Army Wants a Non-Satellite Radio That Works Over Mountains and Fits in a Backpack

A soldier provides security from a hilltop during a patrol in Paktia province in August.

A soldier provides security from a hilltop during a patrol in Paktia province in August. Defense Department

The service is pushing the laws of physics, some observers say.

The Army wants to develop a long range broadband backpack radio based on technology the service first used in Vietnam. But back then, the radios required antennas the size of billboards to augment expensive commercial satellite communications.

The Army Communications Electronics Research and Development Engineering Center, Space & Terrestrial Communications Directorate, seeks industry input on the development of a backpack radio that uses tropospheric scatter (also  called troposcatter) communications, which bounce signals off the troposphere with a range as far as 600 miles, thereby overcoming the line-of-sight range of tactical FM radios.

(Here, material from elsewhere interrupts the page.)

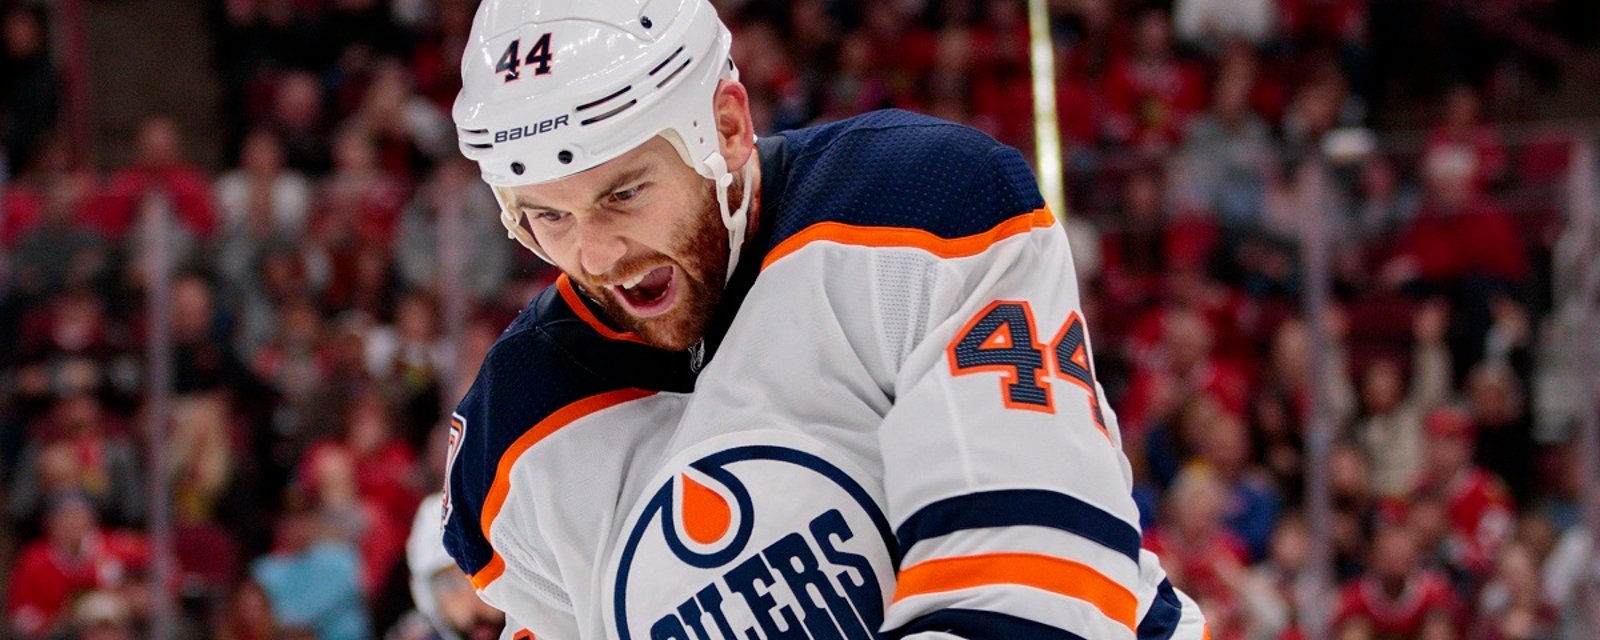 Oilers forced to make multiple lineup changes due to injuries &amp; more.

The use of troposcatter radios for long range communications on the battlefield would help whittle down the Pentagon’s commercial satellite bill. The Defense Science Board reported on June 20 that Defense pays roughly $640 million a year for commercial satellite service, a tab expected to grow to between $3 billion and $5 billion over the next 15 years.

The Army used tropsoscatter as the backbone of its countrywide “Backporch” communications system fielded in Vietnam in the 1960s under the direction of signal officer Emmett Paige Jr., who went on to serve as Assistant Secretary of Defense for Command, Control, Communications, and Intelligence from 1993 to 1997. The system required high-gain billboard-sized antennas in Vietnam, as propagation losses from troposcatter communications are very high; only about one billion-billionth of the transmit power is available at the receiver.

The Army and Air Force both fielded extensive troposcatter systems for fixed communications in the first Iraq War in 1990-1991, but after that, the system fell out of favor as all the military services embraced satellite communications. Now the Army once again wants to tap into the technology to support both fixed and on-the-move communications.

But some are skeptical. Mark Yamamoto, director of government marketing for troposcatter equipment manufacture Comtech Systems who first started working with the technology in the Air Force in 1978, said the Army is pushing the laws of physics in trying to stuff a troposcatter system into a backpack radio. The plan “won’t work,” he said.

Retired Air Force Brig. Gen. Bernie Skoch, a defense industry consultant with extensive communications experience, said new digital signal processing technology and computer based radios could help shrink the size of troposcatter radios.

Yamamoto said Cromlech has developed a transportable version of its AN/TRC-170 troposcatter system with a small, 2-meter antenna that fits into five transit cases. The total weight is about 800 pounds. That’s about as small as it can get, Yamamoto said. This transportable unit has a range of 100 miles and can transmit data at the rate of 16 mbps, much faster than tactical satellite radio systems.

The Army uses this system in Afghanistan today, Yamamoto said, to communicate with forward units masked by mountains or ridge lines, which inhibit line-of-sight communications. The Army said this troposcatter system is expected to decrease the reliance on military and commercial satellites, which can be expensive “and cause latency issues that for some units, such as Patriot [missile] batteries, cannot be tolerated.”

Troposcatter systems definitely offer a cost savings compared to the cost of satellite air time, Yamamoto said. The transportable AN/TRC-170 costs about $500,000. Cromlech compares its costs to a three node satellite link planned for the Middle East and said the troop gear “paid for itself in about six months” worth of satellite time.